Teacher Workforce Is Stable
The big upside on the staffing side: surveyed schools are not experiencing substantial teacher turnover resulting in shortages.
All the schools said they have had no change from “normal levels” of existing teachers. Still, schools are developing back up plans. Half of the schools surveyed said they have contingencies in place in case teachers decide not to fulfill contracts, including “cover teachers” to bide time during the hiring process, while others are relying on recruitment agencies for an immediate pool of candidates to fill possible gaps.
And yet, some schools said they believe they will need fewer staff due to an anticipated drop in enrollment.
Declines in Enrollment
With the new school year starting, enrollment figures in the COVID-19 era are starting to come into focus — and some international private schools are taking a hit.
More than a quarter of Middle Eastern private schools surveyed said admissions are down and nearly three-fourths responded that enrollment had been impacted by the pandemic. Some schools explained the decline was partly due to expatriate families being forced to return home. About 1 out of 10 schools reported the complete opposite: an admissions increase.
Anne Keeling, ISC’s communications director, said the research firm is hearing anecdotally that enrollment in the international private school sector across the globe is down between 4 percent and 25 percent, depending on the region. That’s “not as much as some people thought it might be,” she said.

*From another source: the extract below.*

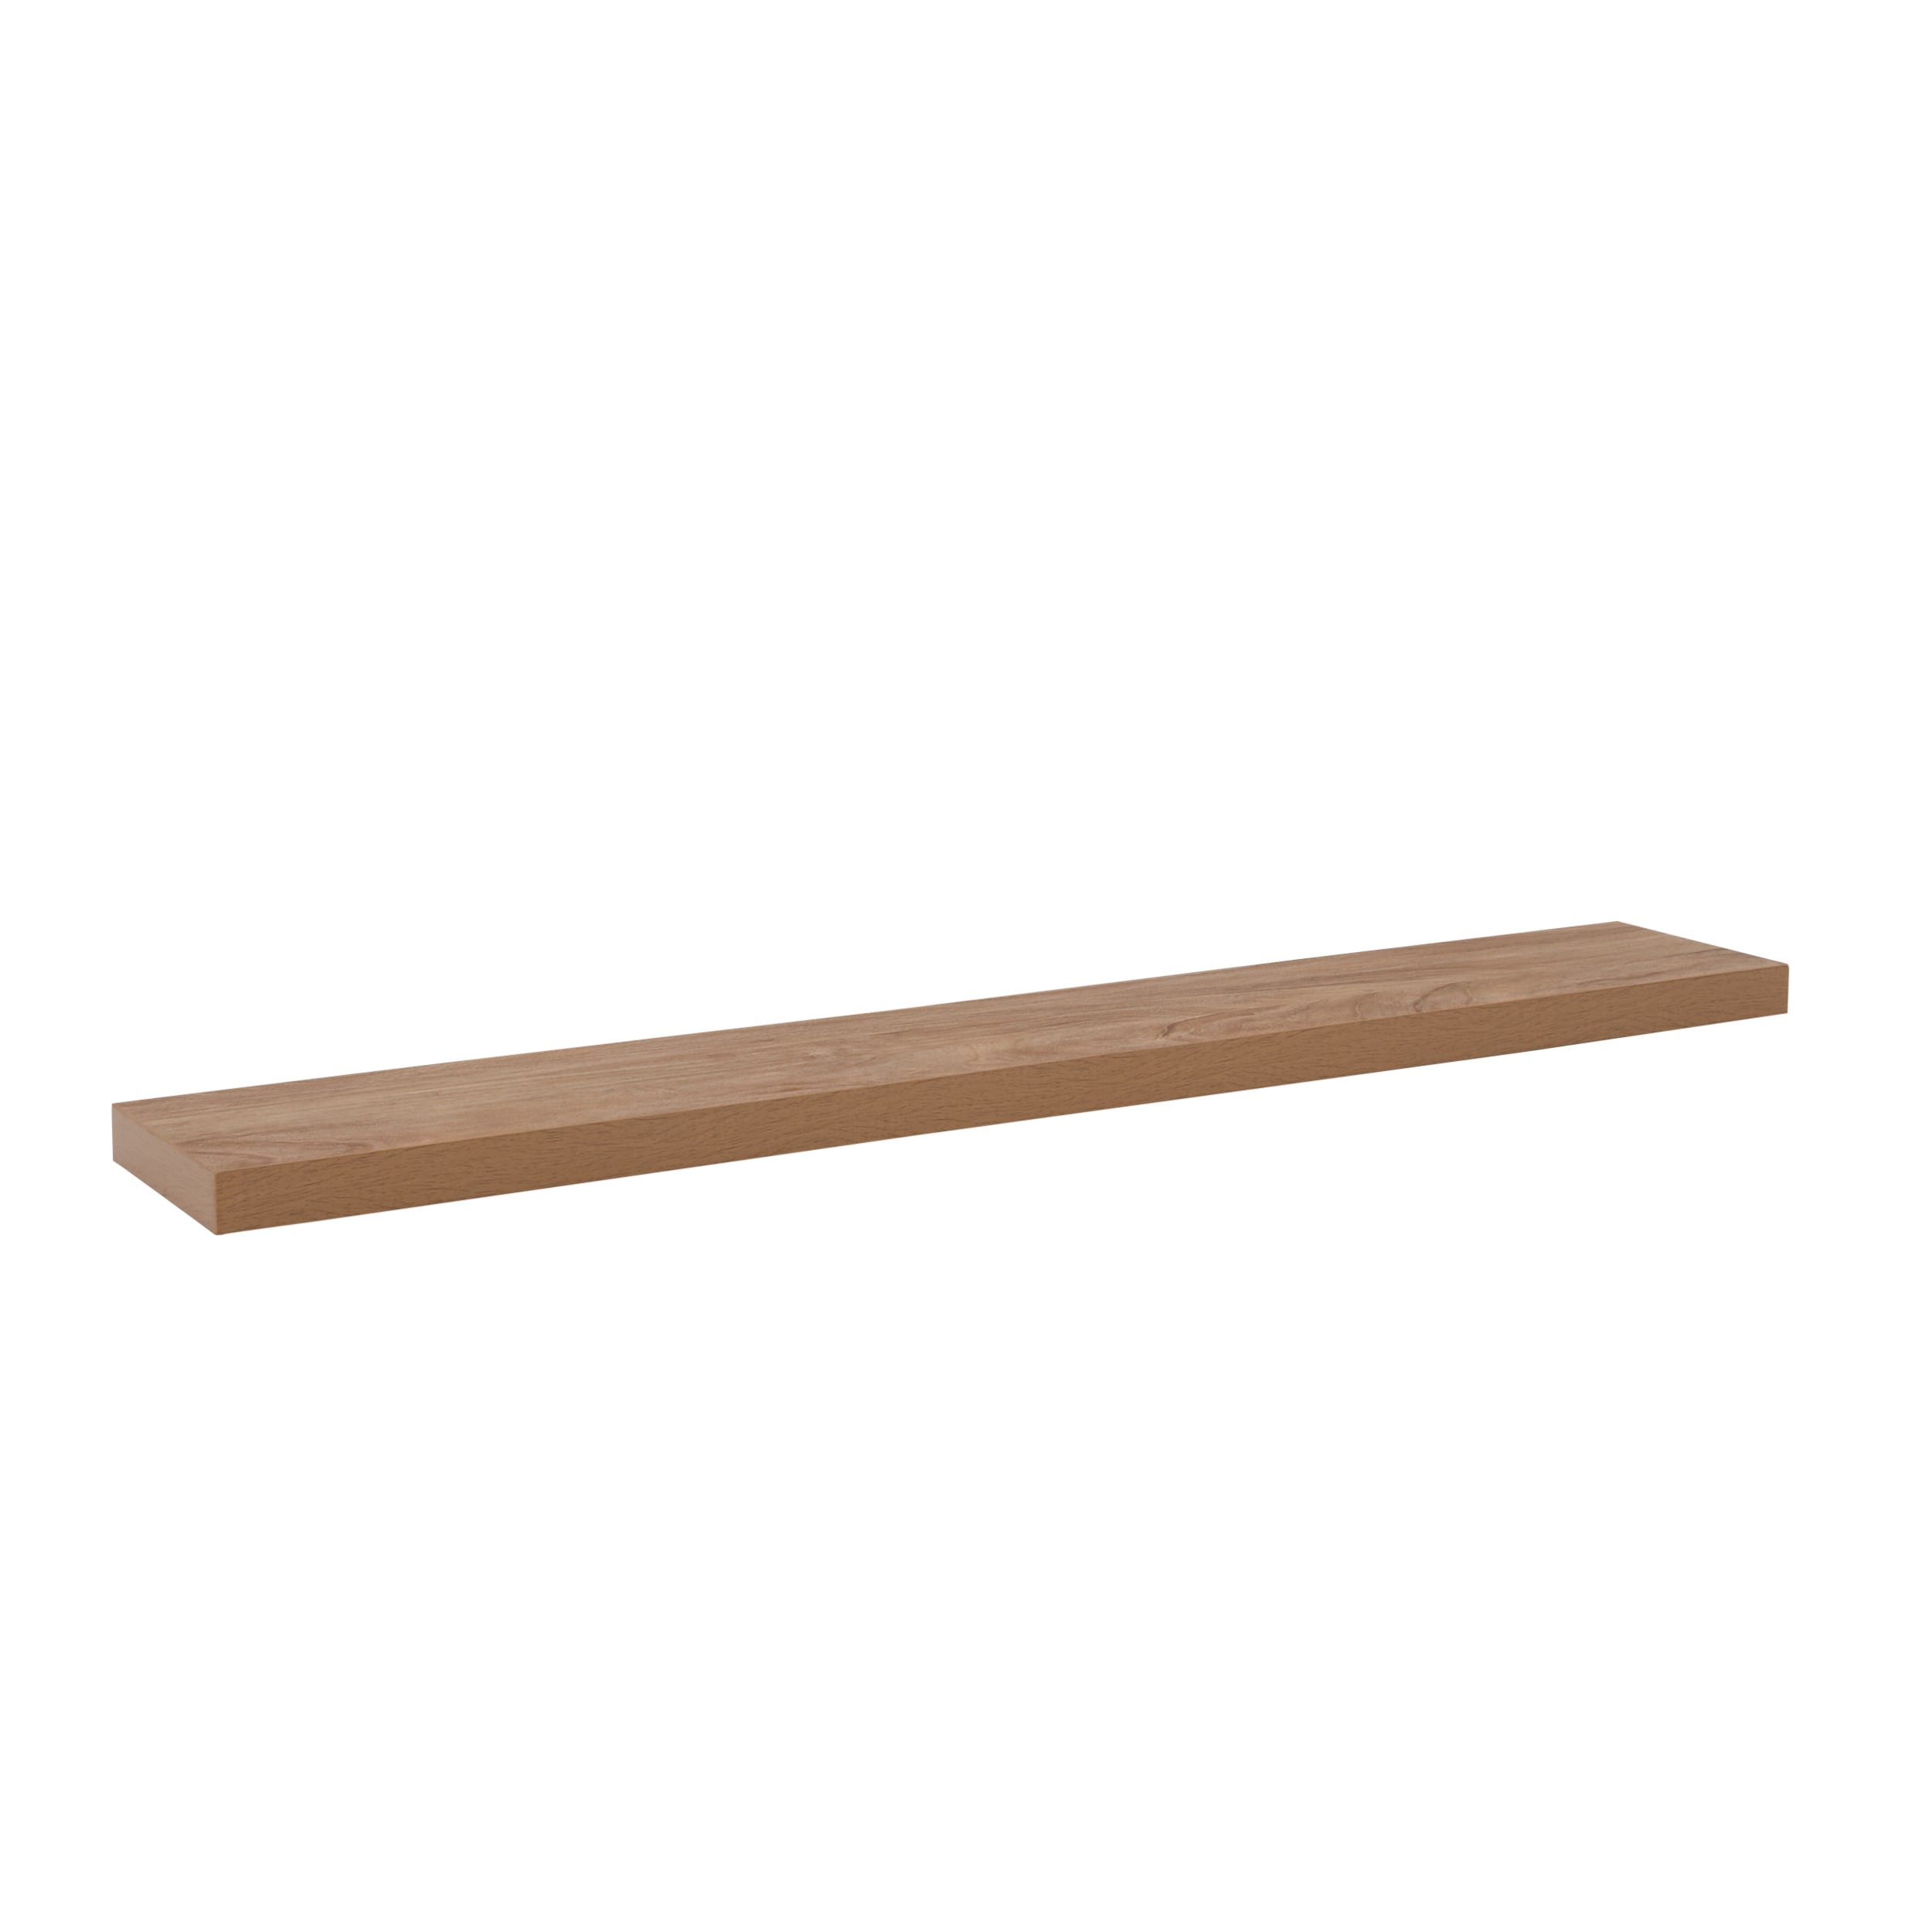 1 Real Wood Floating Shelves - Made in the USA

But schools are still feeling the pinch, and some in the Middle East started freezing fees altogether or offering discounts, ranging from 5 percent to 20 percent in an attempt to attract parents and students. Keeling said not all schools offered discounts, however.
“A lot of schools did well and kept teaching going and assessments going and could argue they were providing the best they could in the particular circumstance,” Keeling said. “Some didn’t have sufficient platforms in place, and parents were having to do much more. In those cases, they had to recognize and give something back or offer incentives to keep those families.”
At the same time, schools reported that recruiting new students is more complex now, primarily due to financial instability on the part of applications.
The pandemic has also led private schools in the regions to reassess marketing approaches, with most now using virtual tours, webinars, interviews via video conference and online Q&As for new families with the school senior leadership team.